By Andrew C. McCarthy
"Jonathan Turley has penned an op-ed in the Los Angeles Times claiming
that Michael Mukasey, President Bush’s nominee to become the next
attorney general, should be disqualified for failing to condemn
waterboarding as torture. According to Turley, Judge Mukasey’s
confirmation-hearing testimony was evasive, and the nominee flatly
lied to the committee when he said he did not know what was involved
in the technique called “waterboarding.” The accusation about lying is
noxious and what passes for legal reasoning in Turley’s piece is
especially shameful for a George Washington University law professor.
To begin with, interrogation tactics used in top-secret Central
Intelligence Agency programs are classified. The fact that Professor
Turley, Judge Mukasey, I, or anyone else may know, as a general
matter, what waterboarding is does not mean we know how it has been
practiced (assuming it has been practiced) by the CIA. Just a brief
perusal of the available literature on the Internet demonstrates that
there are variations — and those are just the ones we know about.
Unlike solipsistic law professors, nominees for high public office are
not at liberty to bloviate while testifying under oath at a hearing,
especially when their words might have serious consequences for other
people. Interrogation tactics have been the subject of intense debate
and ambiguous congressional compromise over the last several years.
The truth, as any careful law professor should know, is that it is
difficult to say exactly what the law is. The people who make the law
have quite consciously seen to that.
One thing we do know, however, is that at risk are the careers and
potential legal jeopardy of American intelligence officers who have
relied on Justice Department opinions in conducting interrogations
since September 11, 2001. Judge Mukasey is just a nominee, not the
attorney general. As he has testified, he has not been read into the
classified details of either the interrogation program or the guidance
apparently issued by Justice’s Office of Legal Counsel in various
memos, most recently (according to a New York Times report) in 2005.

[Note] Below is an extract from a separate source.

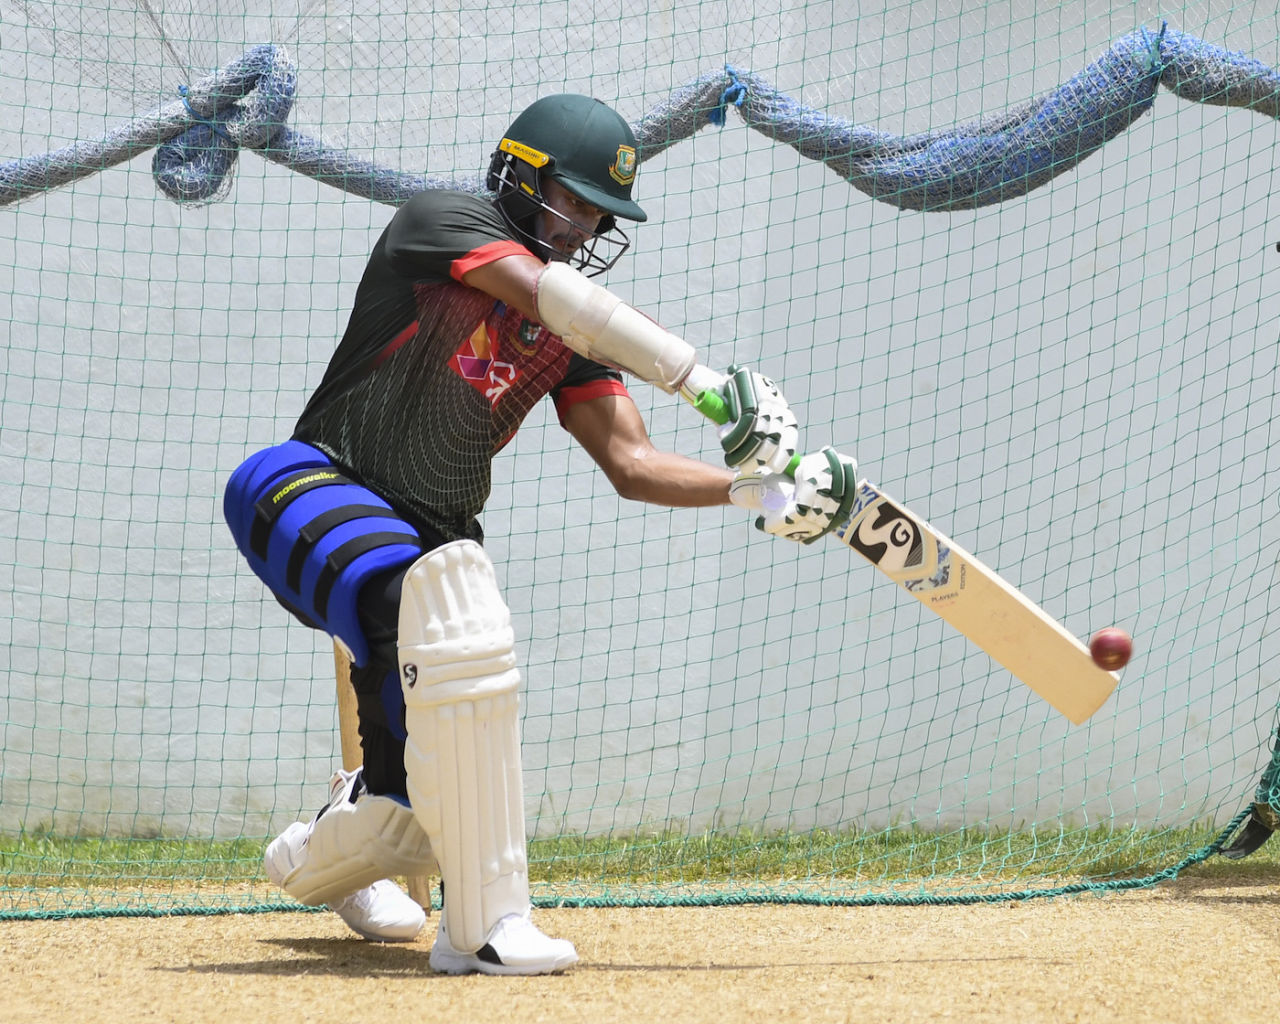 Shakib Al Hasan takes part in a training session ahead of the second Test, West Indies vs Bangladesh, Sabina Park, Kingston, Jamaica, July 11, 2018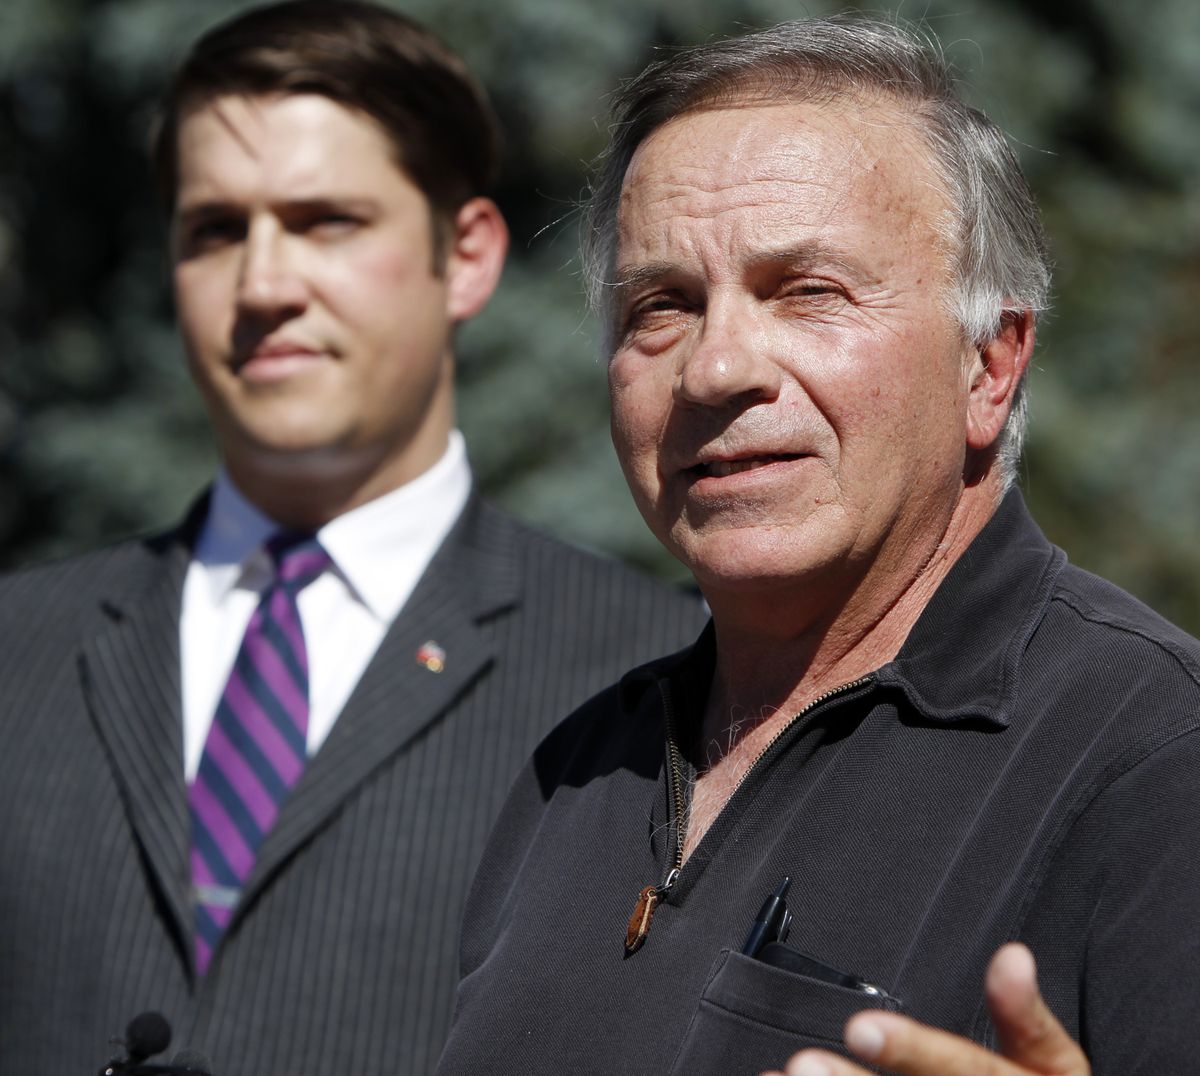 In this Oct. 2, 2012 photo, former Republican U.S. Rep. Tom Tancredo speaks out in favor supporting Amendment 64 to legalize marijuana in Colorado during a news conference at the Capitol in Denver. Joe Megyesy coordinator for the campaign to regulate marijuana like alcohol listens at left. Appealing to Western individualism and a mistrust of federal government, activists have lined up some prominent conservatives as natural allies to make pot legal, from one-time presidential hopefuls Tom Tancredo and Ron Paul to Libertarian presidential candidate and former New Mexico Gov. Gary Johnson. (Ed Andrieski / Associated Press)

As someone of Turley’s sophistication should easily grasp, Mukasey is
not saying he doesn’t know what waterboarding is; he is saying he does
not know the details of the technique as allegedly used by American
interrogators under the guidance of OLC directives. Were he to review
the directives and be briefed on the details of the techniques, he
might well decide waterboarding runs afoul of American law. It would,
however, be the height of irresponsibility for an attorney-general
nominee to pronounce as “torture” something about which he is not
adequately informed under circumstances where, as Turley well knows,
such a pronouncement might be used to suggest war-crimes prosecutions
against American interrogators. It may well be that things have been
done which shouldn’t have been done. But such judgments should await
proof, not be based on speculation.
TORTURE AND THE CONSTITUTION
Judge Mukasey’s testimony should actually be heartening to human-
rights advocates. He has said he believes torture is forbidden under
the Constitution — specifically under the Fifth, Eighth, and
Fourteenth Amendments. There is no question that torture and lesser
forms of brutality are illegal; but the conceit that this prohibition
is of constitutional pedigree is debatable.
The Eighth Amendment to the Constitution prohibits cruel and unusual
punishments. One might think that means torture, in all instances, is
barred. Yet, as Harvard’s Professor Alan Dershowitz pointed out in his
excellent book, Why Terrorism Works, our jurisprudence limits the
Eighth Amendment’s application to punishments resulting from
convictions in the civilian criminal-justice system. As the Supreme
Court explained in Ingraham v. Wright (1977), “An examination of the
history of the Amendment and the decisions of this Court construing
the proscription against cruel and unusual punishment confirms that it
was designed to protect those convicted of crimes. We adhere to this
long-standing limitation.”
Similarly, the due-process guarantees of the Fifth and Fourteenth
Amendments have been construed, based on the Supreme Court’s 1952
ruling in Rochin v. California, to bar evidence-gathering methods that
“shock the conscience.” This fuzzy standard, however, has also been
limited to criminal prosecutions. Justice Frankfurter, moreover,
recognized that “hypothetical situations can be conjured up, shading
imperceptibly from the circumstances of this case and by gradations
producing practical differences despite seemingly logical extensions.”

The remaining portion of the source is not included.